The fitness industry barely existed when I started working cleaning my parents’ clubs after school in 1968. We were a tiny, tiny industry. Now we’re the biggest adult sport in the world. If you’re working in any fitness organization around the world—it’s really important what you do, not only improving individual people’s lives, but fighting a crisis that threatens the sustainability of our global health systems.

24Life: Why do you think that building community has become such a worldwide phenomenon, particularly in fitness?

PM: Society has become more fragmented. A lot of the old communities that we had—the corner bar, even the church—have diminished in mass popularity over the last 50 years or so. We’ve become much more isolated in our lives. We don’t play those team sports and get together as communities.

But humans are pack animals. We crave community and social interaction. You see that from the rise of social media. It’s an indication of how desperately we need to socialize. And that’s been something that I think has really driven the growth of gyms as a place where people can commune and just be around other people. The gym has kind of taken over, in a lot of countries, from the corner bar where people used to get together.

24Life: How does community form around a cause, like Les Mills?

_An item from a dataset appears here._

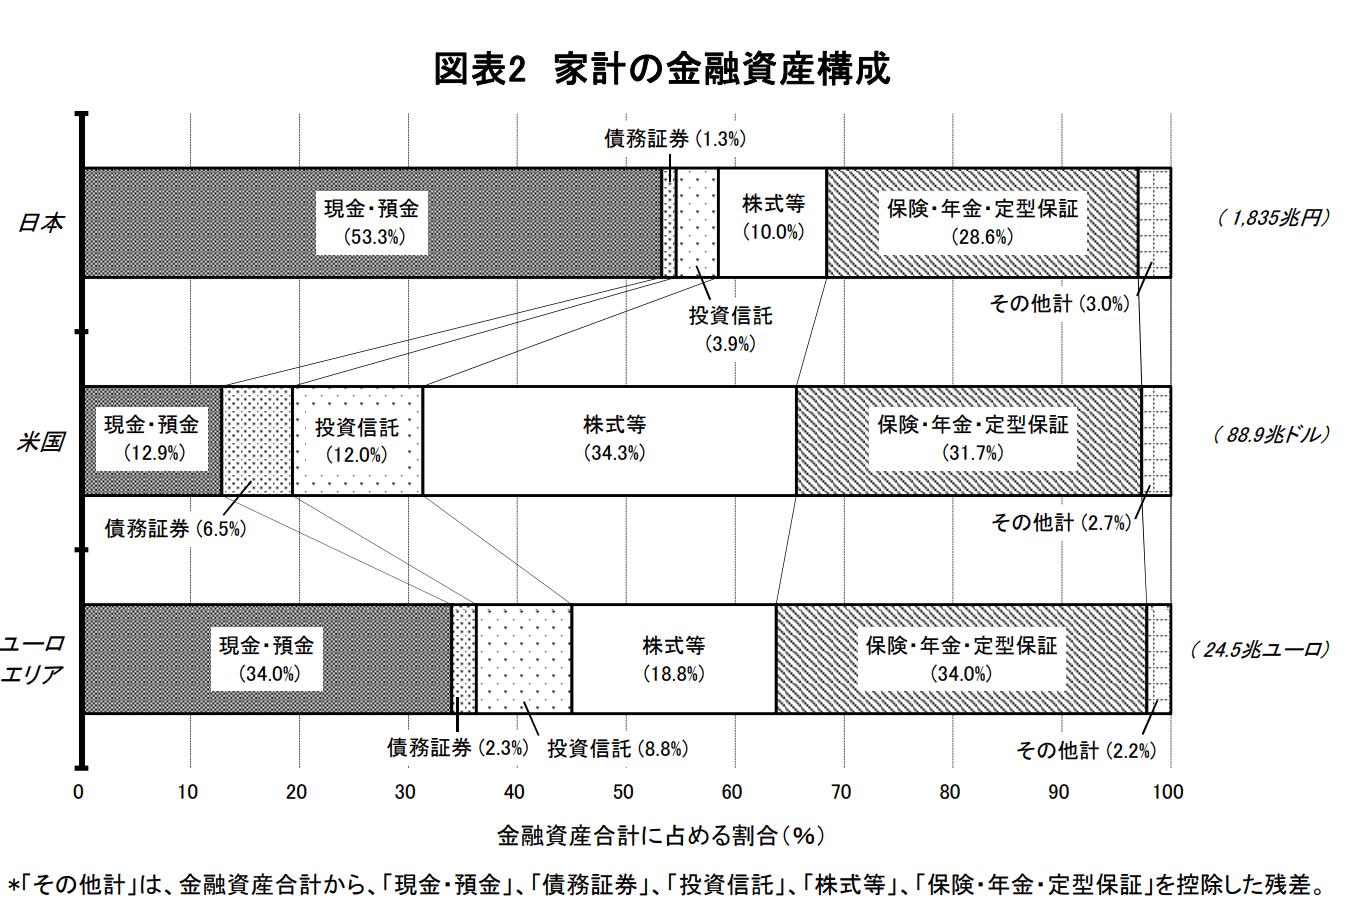 日米の家計の金融資産構成

PM: I think that communities form when an idea’s time has come and people are passionate about it, then other people want to get involved. Fitness is an idea whose time has come. People want to be healthier and fitter and eat better and look after their bodies better. It’s just something that we are naturally attracted to. You can’t do anything to stop this [fitness] movement.

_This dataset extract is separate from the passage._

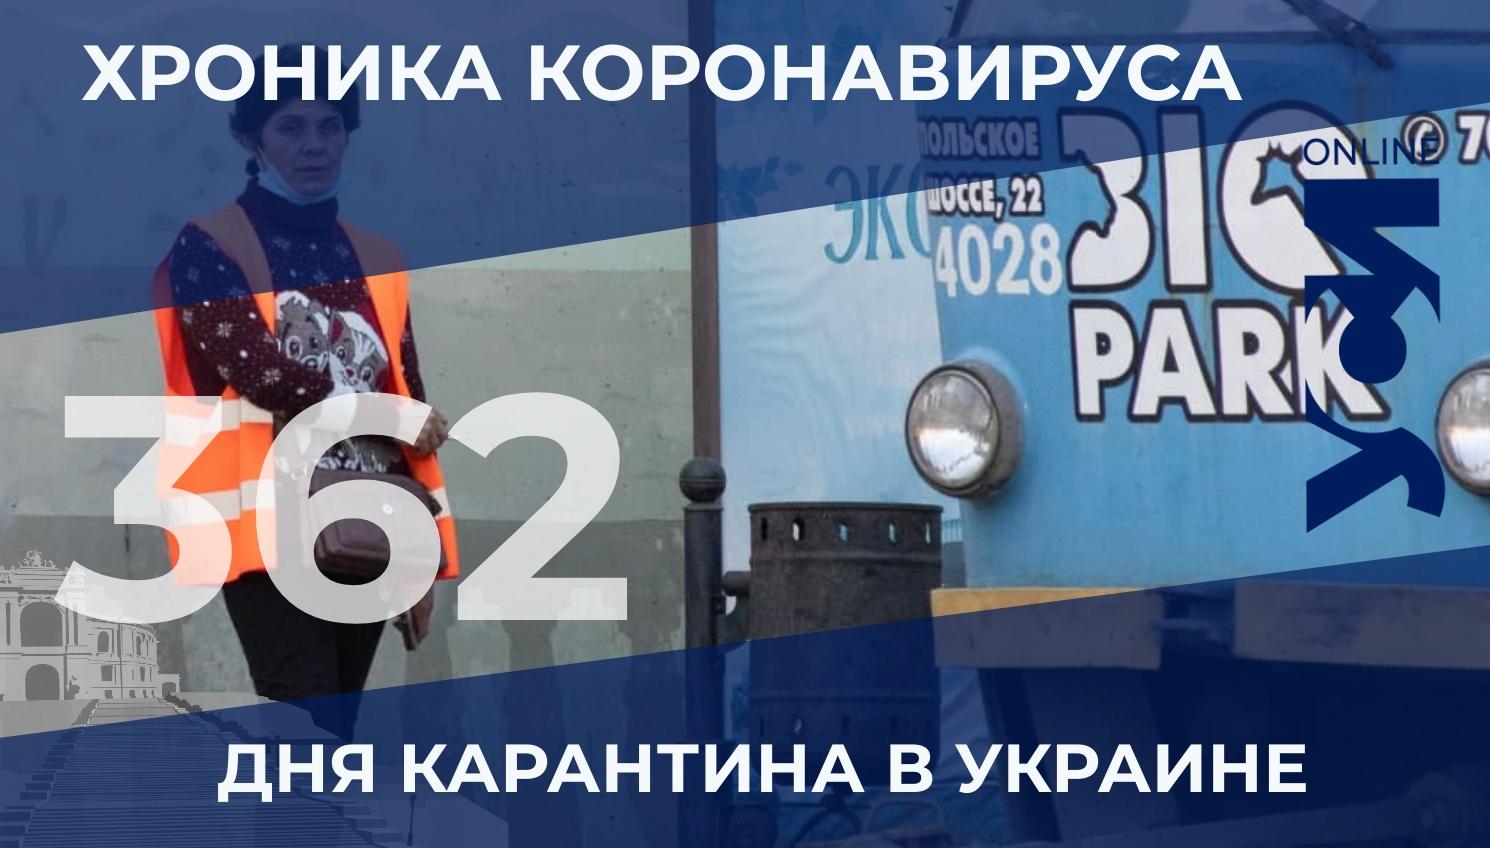 Хроника коронавируса: в Одесской области — 298 заболевших за сутки «фото»

24Life: For someone just getting started working out, why is community so important?

PM: When people say to me, “You’re in the exercise business, right?” I say, “Well, not really. Really we’re in the motivation business.” People can exercise anywhere. They can exercise at home in their living room or running around the block or at the local park. But most people don’t tend to. They need to be motivated. That’s why they come to gyms.

Motivation is a big word. There are all sorts of things that gyms do to motivate people: having exciting workouts, having fitness leaders, personal trainers and Group X instructors who are inspiring and motivating. Having other people there. The whole community thing, that’s motivation. You want to work out with other people.

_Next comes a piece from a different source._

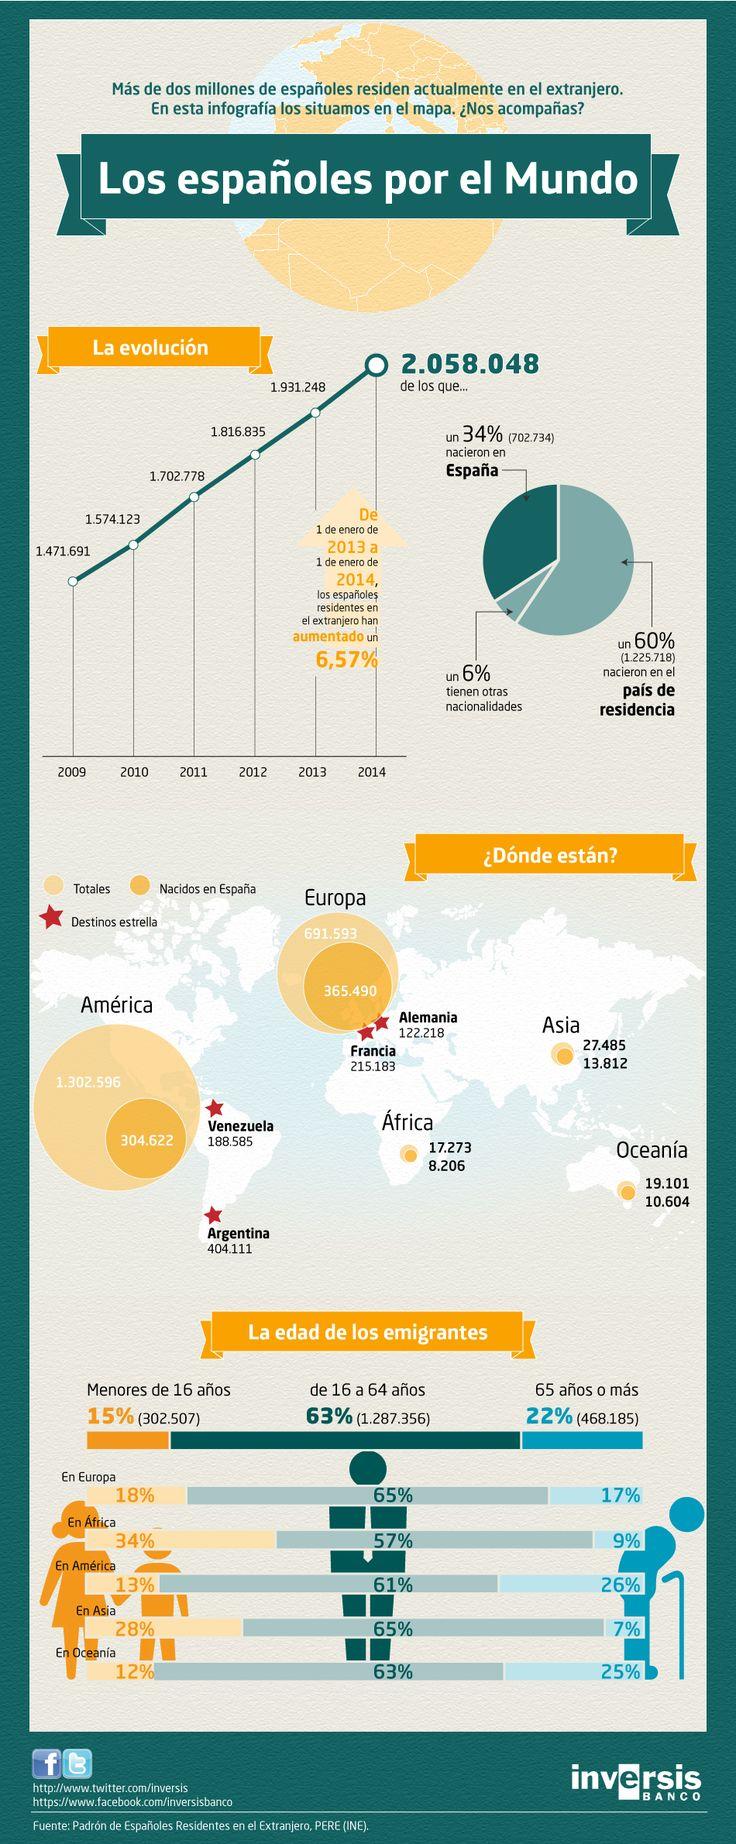 Espa oles por el mundo infografia infographic

If somebody asks me, “How do I get started in fitness? How do I successfully build a fitness lifestyle?” I’ll say, “One of the things that you’ve got to do is you’ve got to make it social because that’s going to motivate you. That’s going to make it fun: to do it with friends. Or if you don’t have time to do it with your friends, then get a personal trainer. If you can’t afford a personal trainer, do Group X.

Group X classes are great for this because you form a social relationship with your teacher, and gradually, over time, you form relationships with other people who are in the classes. And Group X has a lot of other motivators like music and fun ways to move.

As my dad said in 1968, “We’re in the business of helping people fall in love with fitness.” And that’s about finding all the different ways to motivate different people to exercise.